История пациента, составленная социальными работниками, была короткой. Дичка обнаружили в квартире, напоминавшей выгребную яму, в большом викторианском доме. Видимо, соседей насторожил тошнотворный запах, просачивавшийся из-за двери на лестничной площадке второго этажа. Это был дом, где квартиры сдавались внаем, поэтому никто из жильцов, позже опрошенных социальными работниками, понятия не имел о том, кто там жил. Когда же наконец полиция выломала дверь, там обнаружили Дичка, валявшегося в собственных нечистотах на постели с простынями, затвердевшими как картон. Вначале полицейские решили, что он мертв: им знаком был этот запах тела, долгое время пролежавшего в неподвижности. Но оказалось, что Дичок жив, а вонь исходила от разнообразных веществ, медленно разлагавшихся в течение ряда лет, – от объедков до ороговевшей кожи, от траченных молью штор до полусъеденных трупиков мышей и крыс.

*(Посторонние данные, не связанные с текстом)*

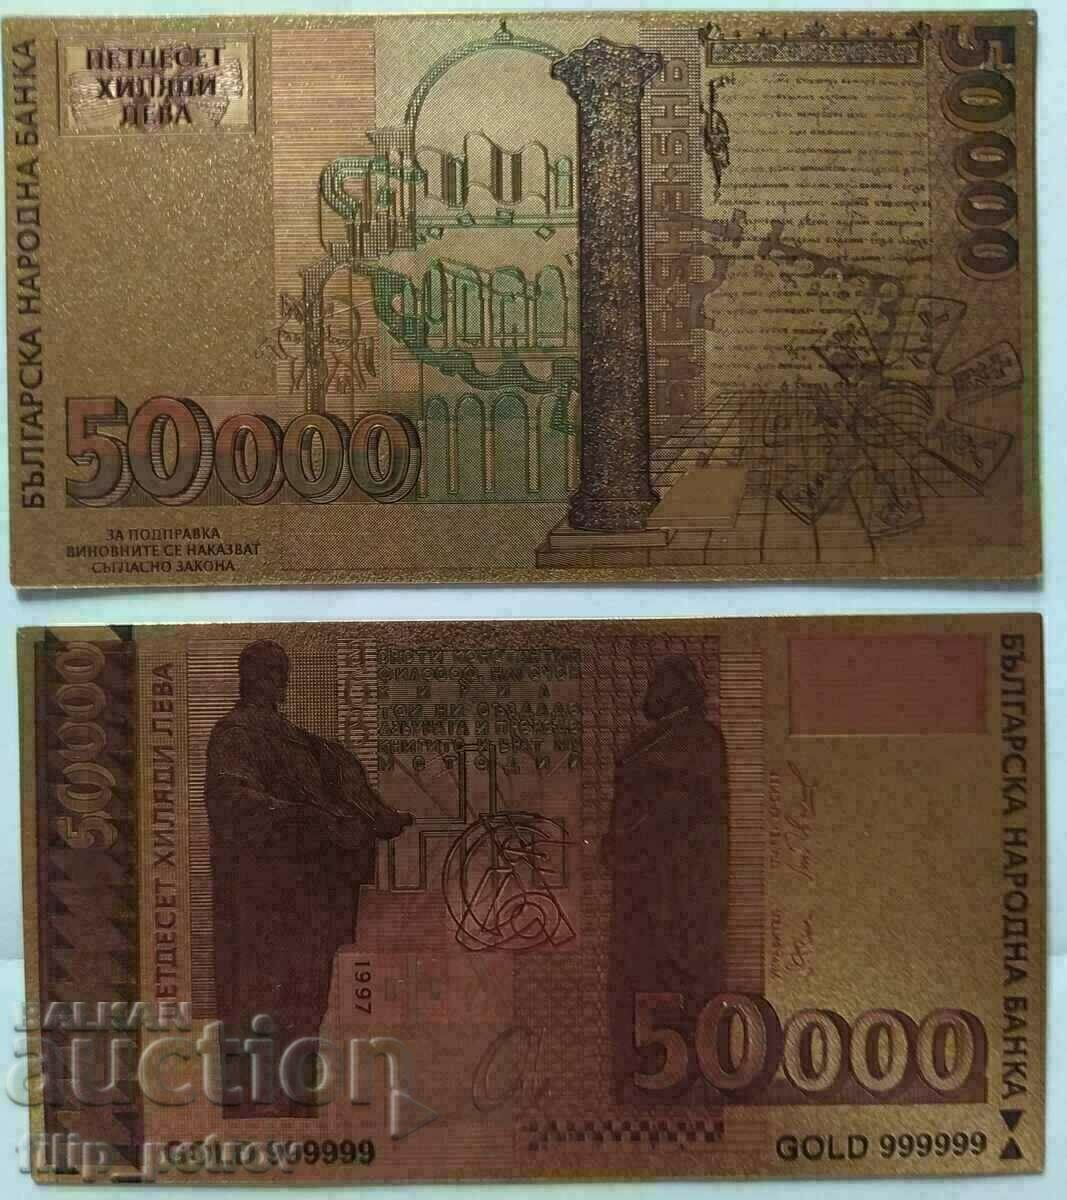 2 pcs. BGN 50,000 1997 gold-plated souvenir banknotes

Дичка невозможно было заставить двинуться или заговорить. Когда полицейские подошли к кровати, чтобы убедиться в том, что он жив, он никак не отреагировал. По сообщению одного из полицейских, у него были широко раскрыты глаза, а зрачки затуманивало несколько катаракт, и он просто глядел в пустоту несфокусированным немигающим взглядом. Другой полицейский отмечал, каким липким, вялым на ощупь было тело, будто из него совсем ушла мышечная ткань, а остались только жилы, позволявшие шевелить руками и ногами. Вызвали «скорую», и медбрат одной рукой поднял Дичка с постели и переложил на носилки. В своем отчете медбрат с плохо скрываемым ужасом упомянул о единственной силе сопротивления, которую он встретил, перекладывая Дичка: тот прочно приклеился к замаранным испражнениями простыням, и эта липкая субстанция из телесных выделений – пота, мочи и семени – образовала нечто вроде тонкой паутины, которая растягивалась в воздухе, пока медбрат отдирал пациента от кровати… Как пенка на кипяченом молоке.…

Профессионалы, собравшиеся в комнате, спорили между собой о возрасте Дичка. В поиске улик они обратились к двум соседним комнатам, отделенным от этой ветхими занавесочками с множеством дырок и прорех. В комнате, где лежал Дичок, вообще ничего невозможно было понять из-за царившего там полного хаоса. Социальный работник, которого пригласили описать обстановку, оставил следующие заметки:

Я никогда еще ни видел такой комнаты, как эта, а ведь мне доводилось видеть всякого рода лишения и запущенность в самых разных местах. Это отнюдь не была та типичная обстановка запущенности, какую обычно порождают социально-экономические факторы; здесь все выглядело совсем не так. В комнате находилось много вещей, от мебели до картин, от некогда дорогой одежды до ценных предметов: все это свидетельствовало, что здесь жила семья непростая и/или зажиточная. И хотя пола было почти не видно из-за разбросанного всюду мусора – посуды, рваной одежды, кучек фекалий, все равно было ясно: в прошлом эта комната содержалась в чистоте и опрятности. Согласно домовым записям, квартира принадлежала некоему Филиппу Рено, вдовцу с двумя сыновьями, однако по первой комнате было совершенно невозможно определить, когда они съехали, почему больше здесь не появлялись и как долго Рено-младший находился в одиночестве.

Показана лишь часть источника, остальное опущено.